On May 7, 1931, the most sensational manhunt New
York City had ever known had come to its climax. After
weeks of search, “Two Gun” Crowley - the killer, the
gunman who didn’t smoke or drink - was at bay, trapped
in his sweetheart’s apartment on West End Avenue.
One hundred and fifty policemen and detectives laid
siege to his top-floor hideway. They chopped holes in
the roof; they tried to smoke out Crowley, the “cop
killer,” with teargas. Then they mounted their machine
guns on surrounding buildings, and for more than an
hour one of New York’s fine residential areas reverberated
with the crack of pistol fire and the
rut-tat-tat
of
machine guns. Crowley, crouching behind an over-
stuffed chair, fired incessantly at the police. Ten thousand
excited people watched the battle. Nothing like it
ever been seen before on the sidewalks of New
York.
When Crowley was captured, Police Commissioner
E. P. Mulrooney declared that the two-gun desperado
was one of the most dangerous criminals ever encountered
in the history of New York. “He will kill,” said the
Commissioner, “at the drop of a feather.”

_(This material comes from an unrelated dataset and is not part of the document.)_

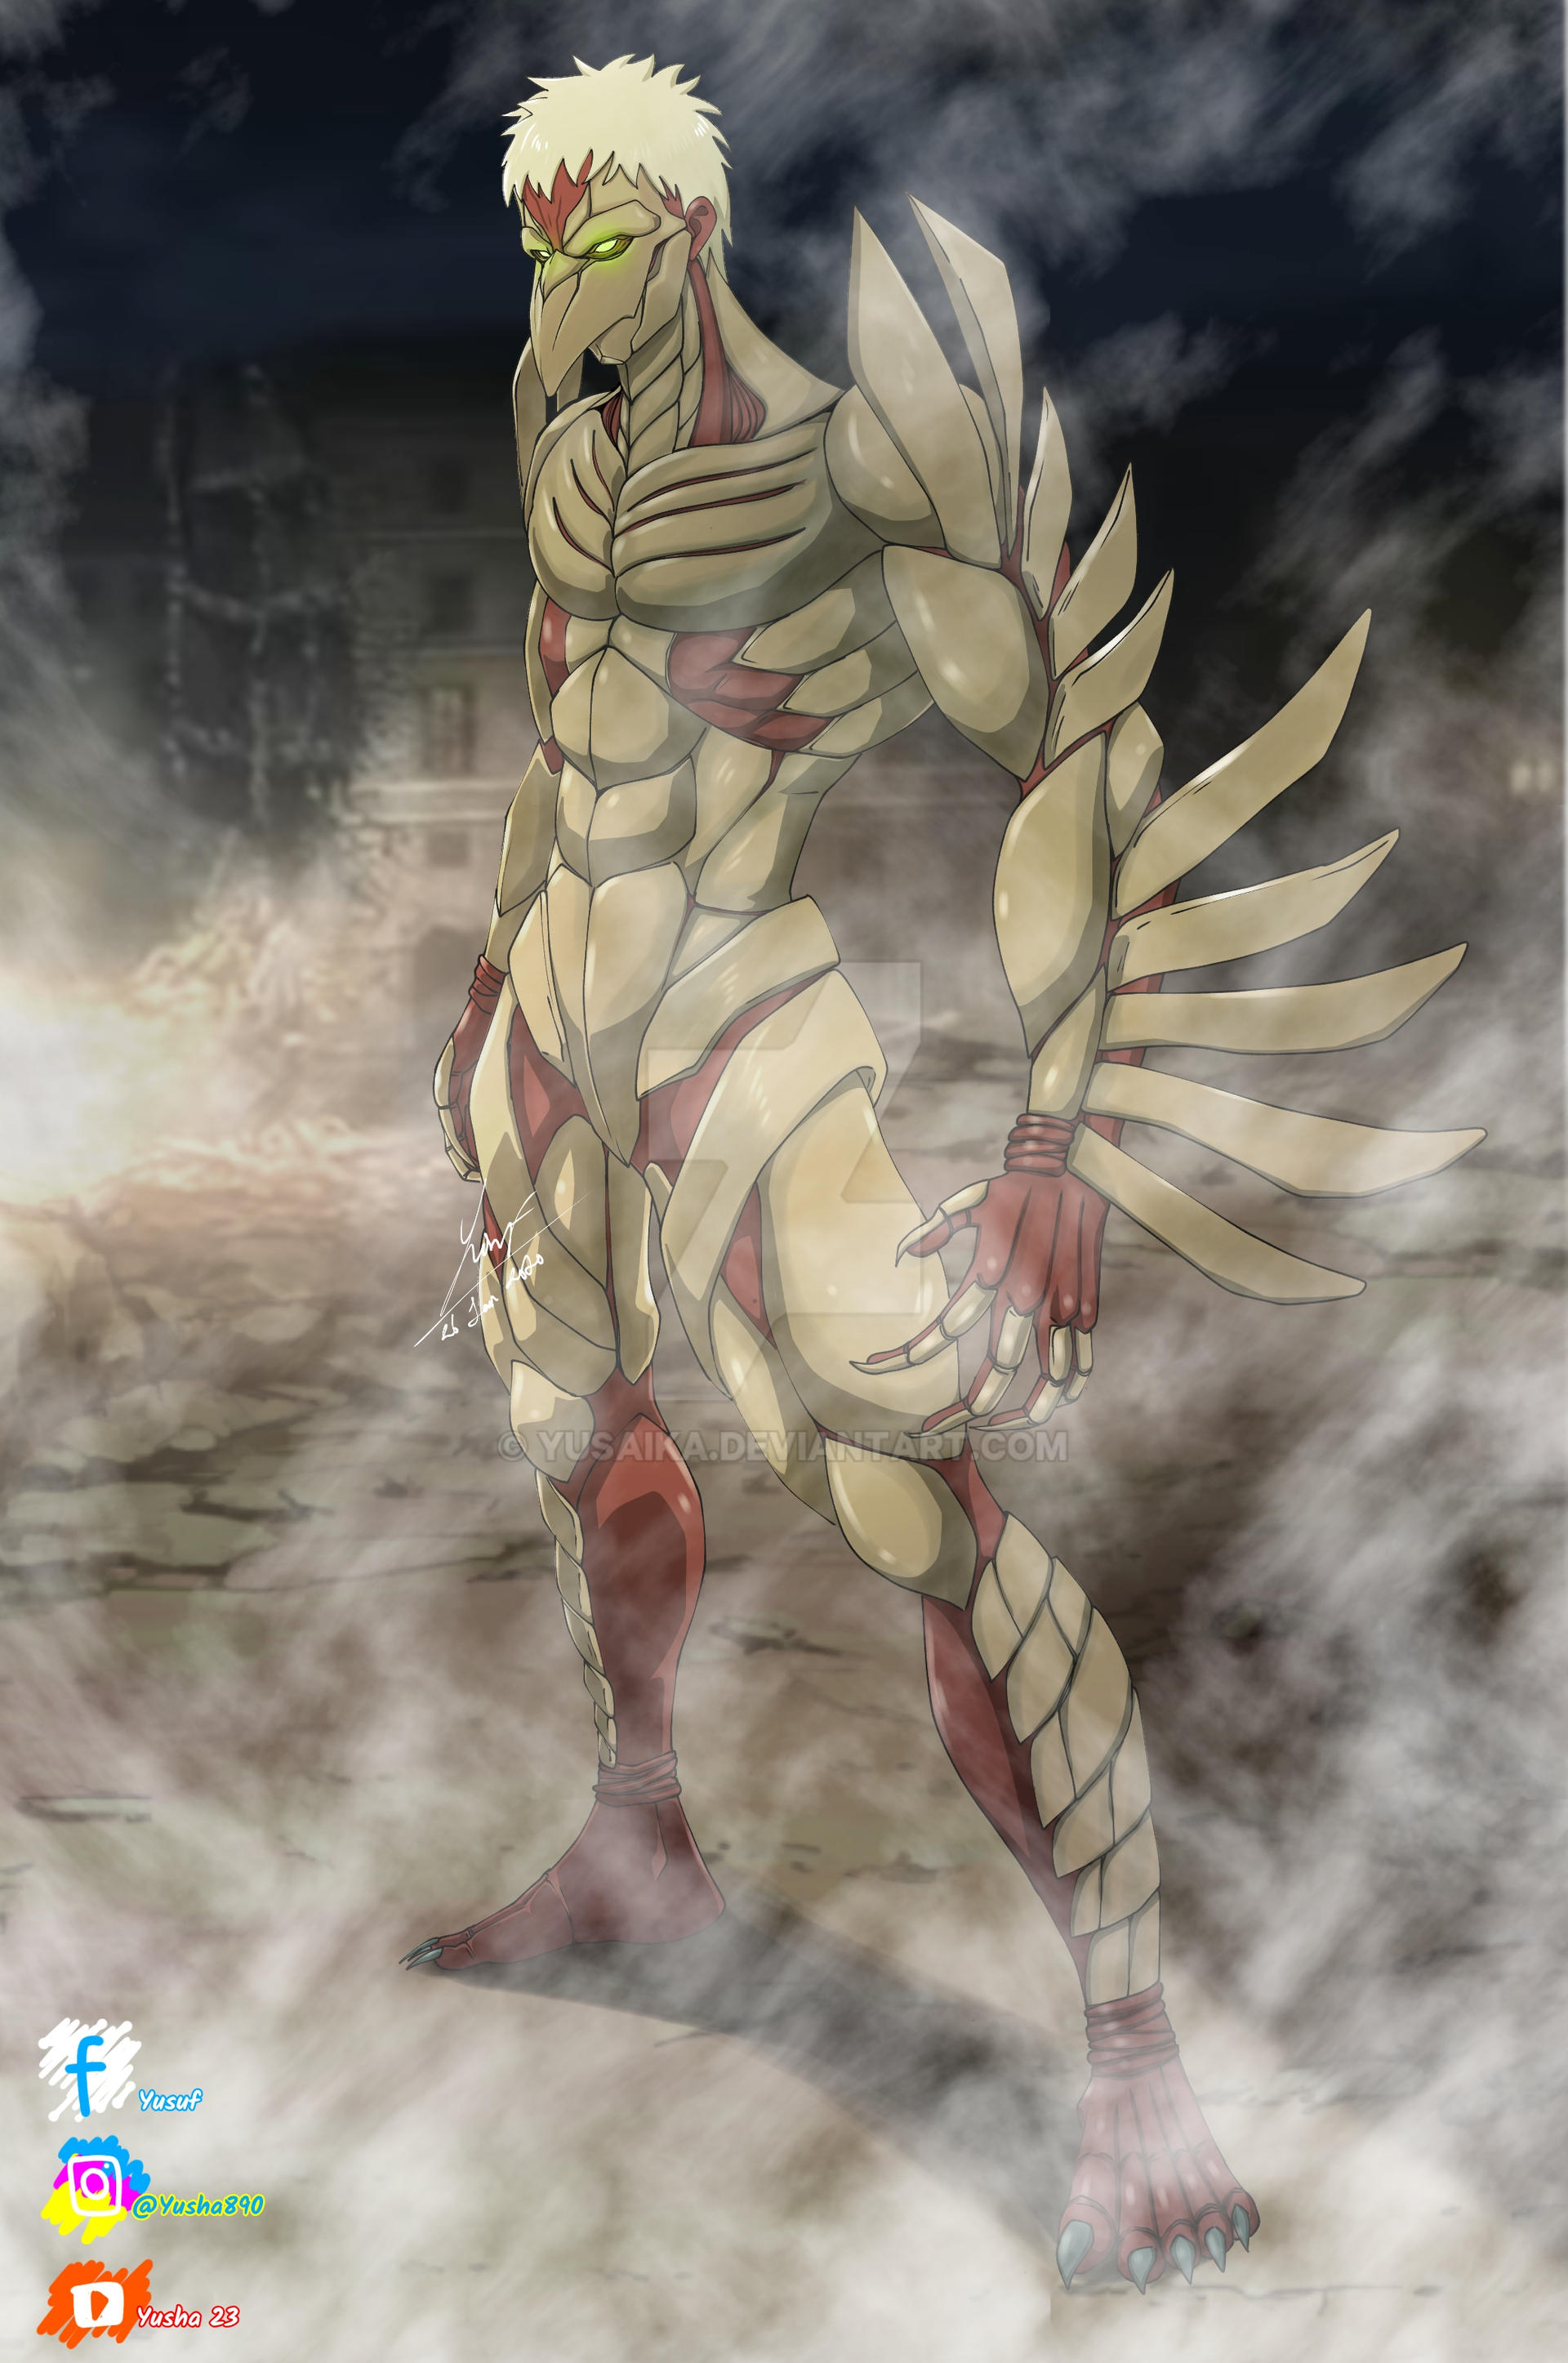 Shingeki no Kyojin oc : Predator Titan (season 4) by Lukimaro on

But how did “Two Gun” Crowley regard himself? We
know, because while the police were firing into his
apartment, he wrote a letter addressed “To whom it may
concern, ” And, as he wrote, the blood flowing from his
wounds left a crimson trail on the paper. In this letter
Crowley said: “Under my coat is a weary heart, but a
kind one - one that would do nobody any harm.”

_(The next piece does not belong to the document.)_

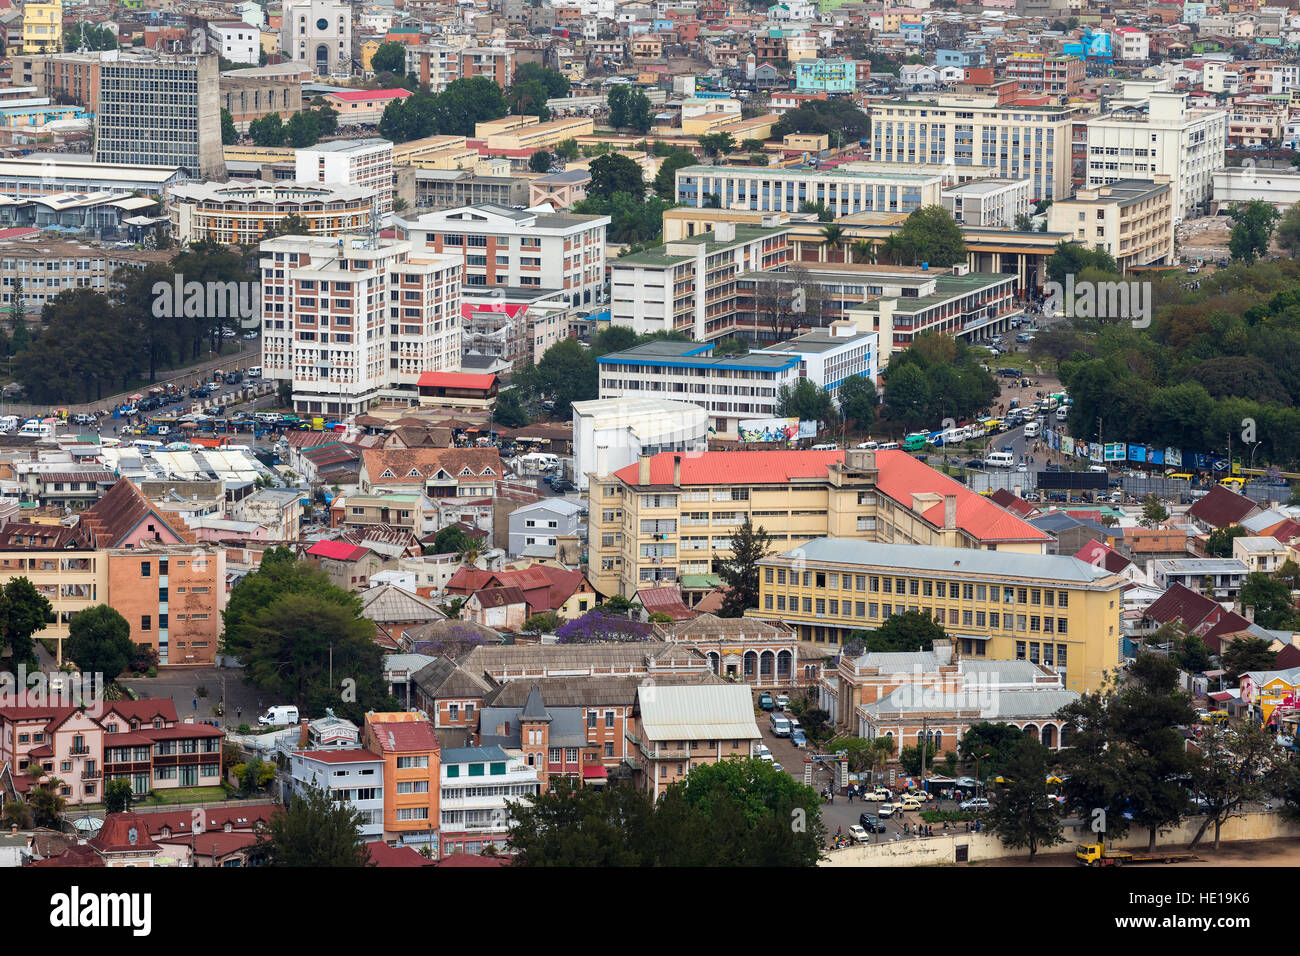 Antananarivo, französische Namen Tananarive, kurze Name Tana, sehr schlechte Hauptstadt und größte Stadt in Madagaskar, NY Republik. Ansicht von oben auf Cent Stockfoto

A short time before this, Crowley had been having a
necking party with his girl friend on a country road out
on Long Island. Suddenly a policeman walked up to the
car and said: “Let me see your license.”
Without saying a word, Crowley drew his gun and cut
the policeman down with a shower of lead. As the dying
officer fell, Crowley leaped out of the car, grabbed the
officer’s revolver, and fired another bullet into the prostrate
body. And that was the killer who said: “Under my
coat is a weary heart, but a kind one - one that would do
nobody any harm.’
Crowley was sentenced to the electric chair. When he
arrived at the death house in Sing Sing, did he say, “This
is what I get for killing people”? No, he said: “This is
what I get for defending myself.”
The point of the story is this: “Two Gun” Crowley
didn’t blame himself for anything.
Is that an unusual attitude among criminals? If you
think so, listen to this:
“I have spent the best years of my life giving people
the lighter pleasures, helping them have a good time,
and all I get is abuse, the existence of a hunted man.”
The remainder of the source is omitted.